Au cas où vous l’ignoriez, nous avons entamé mardi le 149e jour de
débats sur la charte de la laïcité. J’ai compté. Quatre mois et demi
d’âpres discussions, mais sans le moindre happy end en vue. Le
ministre responsable, Bernard Drainville, toujours aussi insouciant par
rapport au climat qui sévit dans les chaumières, répétait encore cette
semaine que, malgré la commission parlementaire qui débute, rien ne
changerait pour ce qui est des grands principes de son projet de loi.
Aussi bien dire : on entame un grand exercice de tournage en rond.
Malgré l’inconfort de se retrouver à couteaux tirés avec un voisin,
un collègue ou un membre de sa famille (je ne peux pas croire que ça ne
vous est pas arrivé, vous aussi), plus dure encore est l’attitude du
gouvernement Marois dans toute cette histoire. Je veux parler surtout de
cette façon d’appeler un chat un chien, de dire le contraire de la
réalité, d’affirmer que nous vivons une « crise » alors que tous les
intervenants disent le contraire, de prétendre vouloir la « cohésion »
alors qu’aucun débat n’a créé autant de divisions, de se dire préoccupé
par l’égalité hommes-femmes, « la chose la plus importante au Québec »
(mon oeil), alors que, visiblement, la chose qui compte actuellement
est de positionner le Québec comme l’adversaire incontesté du
multiculturalisme, question de tenir le Canada et tout l’univers
anglo-saxon à bout de bras. Lisez la lettre que Jean-François Lisée
publiait cette semaine dans le New York Times, très instructif à cet égard.
Le romancier George Orwell a un nom pour ce genre de sémantique contradictoire : la doublepensée (doublethink).

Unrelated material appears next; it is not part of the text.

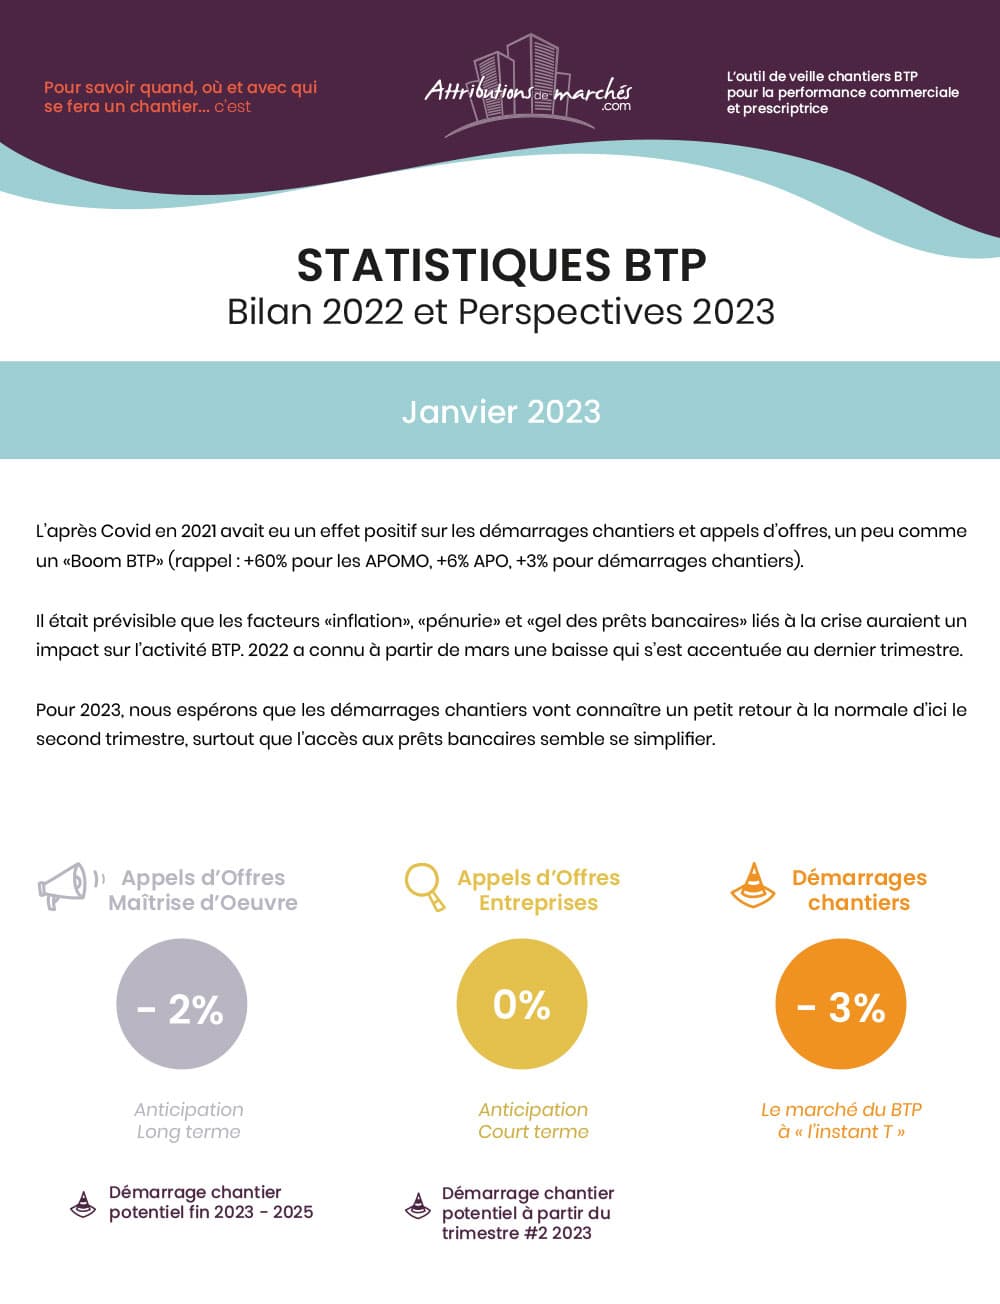 visuel newsletter statistiques btp janvier 2023 bilan 2022

Dire une chose, le plus sincèrement du monde, tout en évoquant son
contraire, arme politique redoutable et malaisée s’il en est une. Les
manoeuvres du gouvernement Marois sont à ce point cousues de fil blanc
que j’ai fini par croire, moi aussi, qu’il n’a pas du tout l’intention,
malgré ce qu’il en dit, de passer son projet de loi. Un parti quelque
soit peu sérieux à cet égard aurait commencé par fournir des études,
aurait proposé une définition de la neutralité d’État, ce qui manque
toujours à l’appel, aurait, vu son statut minoritaire, davantage écouté
les voix discordantes, mis un peu d’eau dans son vin. Surtout, un parti
bien motivé aurait sauté sur l’occasion de saisir le consensus qui se
dégage pour en faire un premier projet de loi.
Unité de pensée
Il existe après tout une extraordinaire unité de pensée sur les deux
tiers du projet de loi 60. Nous voulons tous la neutralité de l’État
comme principe fondateur, la réaffirmation de l’importance de l’égalité
hommes-femmes et, finalement, des balises, plus limpides encore, pour
encadrer les accommodements religieux. Devant une situation comme celle
qui vient de se produire à l’Université York à Toronto, il faut que ce
soit archiclair : personne ne peut invoquer un motif religieux pour
éviter le contact avec des femmes, puisqu’il s’agit là d’une censure
implicite de la présence des femmes sur la place publique. Personne ne
veut ça.
Il y aurait là un projet de loi que tout le monde s’empresserait de
signer, comme le proposait d’ailleurs Québec solidaire en octobre
dernier. Il s’agirait d’un véritable acte de cohésion permettant
ensuite, à tête un peu plus reposée, de passer à l’étape plus
difficile : jusqu’où interdire les signes religieux ? Curieusement, ce
n’est pas ce que choisit le gouvernement Marois. Malgré les âpres
divisions à ce sujet, malgré une détérioration des rapports sociaux et
une augmentation des préjugés à l’égard de communautés culturelles — ce
dont fait état un sondage Léger publié cette semaine —, malgré le fait
que toutes les grandes universités du Québec, la Ville de Montréal, la
Fédération autonome des enseignants, l’Association des médecins, la
commission scolaire anglophone de Montréal, l’Hôpital juif de Montréal,
pour ne rien dire de la Commission des droits de la personne, malgré le
fait que toutes ces institutions clés sont en profond désaccord avec
cette partie du projet, et ont l’intention de protester devant les
tribunaux s’il le faut, le gouvernement fait la sourde oreille,
préférant les quelques points de plus que sa position « sans compromis »
récolte dans les sondages.
À noter que cette hausse dans les sondages veut aussi dire une
clientèle plus masculine et moins scolarisée pour le PQ. En plus de
semer la pagaille dans les rangs, la charte de la laïcité est en train
d’adéquiciser le parti de René Lévesque. De là à voir ce projet comme un
pacte avec le diable, il n’y a qu’un pas que, visiblement, le PQ
lui-même hésite à franchir. Au moins ça.